Chengdu

Chengdu

Chengdu was the final new city on our three-week journey. Although our stay was brief, we hoped to make the most of it by basing ourselves in Yulin, a subdistrict in southern Chengdu known for its authentic atmosphere: low-rise apartment blocks, tree-lined streets, teahouses, small restaurants, and bustling local markets.

For weary travelers, it proved to be an excellent choice. So much of the neighborhood’s activity was within walking distance of our hotel. Street after street was lined with restaurants and shops catering primarily to locals. What stood out most was the diversity of the area — college students mingled alongside residents from both modest and affluent backgrounds. The neighborhood was anchored by two malls, one of them especially upscale.

Everyday Magic

Image of

Taking a break from the spoiled convenience of Yulin, we headed to People’s Park. The park was packed with people enjoying the day — some paddling across the lake, others watching elders give calligraphy lessons using giant water brushes on the pavement. As we wandered through the park, we came across the well-known Chengdu marriage market. It was my first time seeing one, which added an extra layer of intrigue to the day as we stopped to read through the notices, many of them posted by parents on behalf of their children.

From People’s Park, we made our way to Kuan Alley and strolled along the ancient street for a while before heading to the theater.
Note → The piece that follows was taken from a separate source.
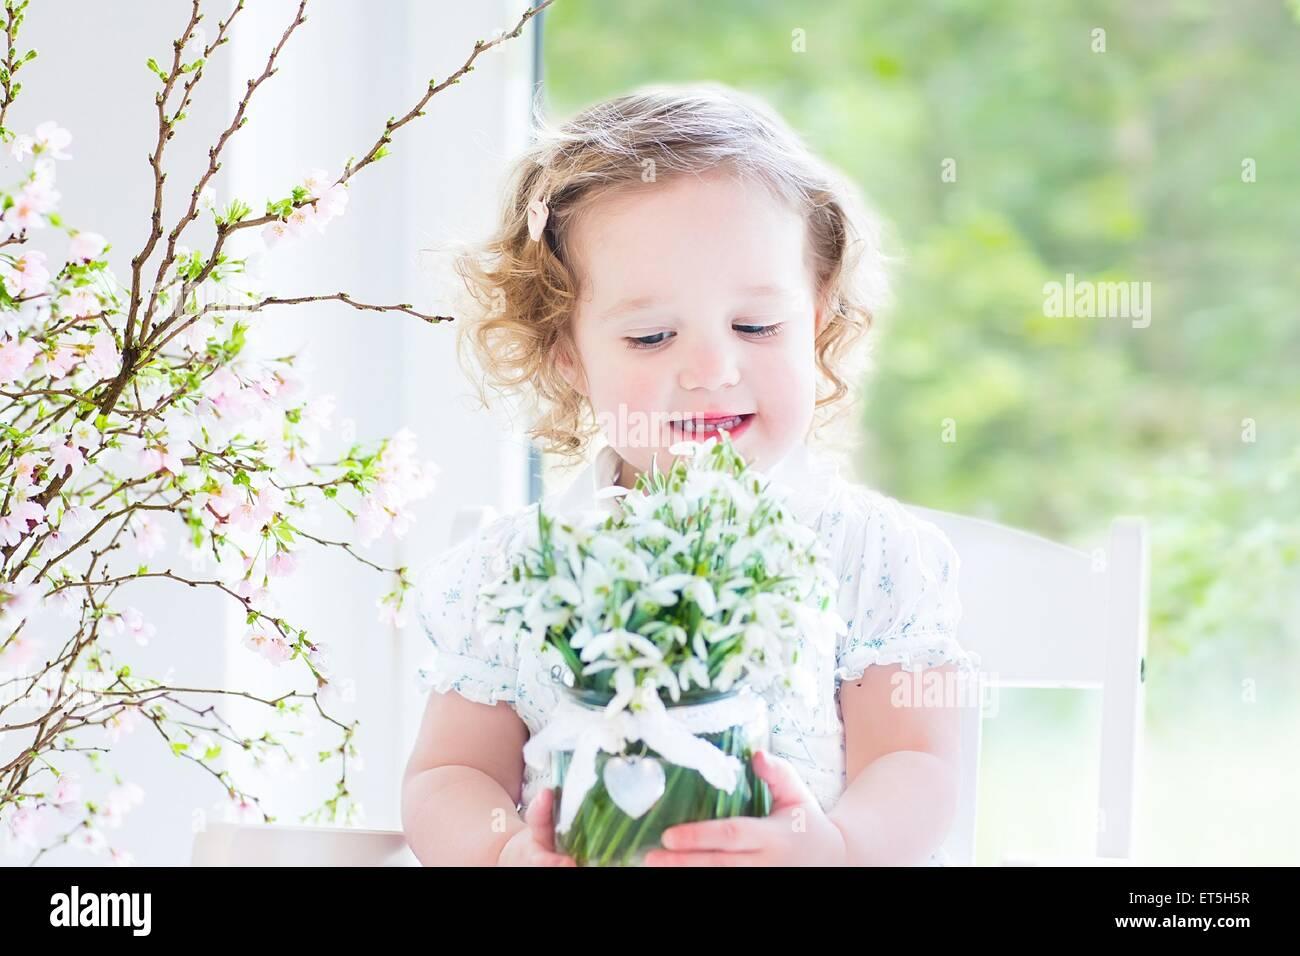 Bella la parentesi toddler ragazza in un abito bianco seduto in un bianco sedia a dondolo tenendo prima molla fiori Immagini Stock

We had booked tickets to see Sichuan Opera, one of China’s seven best-known opera styles alongside Peking, Cantonese, Kunqu, Yue, Qinqiang, and Huangmei opera. Sichuan Opera is especially famous for its mesmerizing “face-changing” performances. I had no idea what else to expect and was pleasantly surprised by the depth of the show and the extraordinary talent of the performers. It was a perfect way to put an exclamation point on the trip.

On our final full day in Chengdu, we took a day trip to Leshan to see the Giant Buddha. After buying last-minute train tickets at the station, we raced to our gate like a scene out of Home Alone. When we arrived in Leshan, we grabbed a rideshare and enjoyed glimpses of life in a smaller Chinese city as we made our way toward the Buddha, which sits just outside town. Our first stop turned out to be an entrance where only Chinese nationals could purchase tickets, so after some confused wandering, we eventually found the main entrance—complete with sweeping views of the river and the city skyline.

As we explored the Leshan Giant Buddha Scenic Area, I was struck by the sheer scale of everything around us. There were endless staircases and intricate carvings, all connected by winding paths lined with waterfalls and other water features that gradually led us toward the Buddha’s head and a nearby temple. We spent some time paying our respects at the temple before finally making our way to the Giant Buddha itself.

Seeing it in person was incredible. The statue is so massive that it almost feels unreal, and learning that it took three generations to complete made it even more impressive. After taking in the view from above, we followed a narrow pathway carved into the cliffside down to the Buddha’s base. It was here that I discovered my mother-in-law is afraid of heights! With plenty of reassurance and a few careful steps, we all eventually made it to the bottom, where there were countless photo opportunities waiting for us.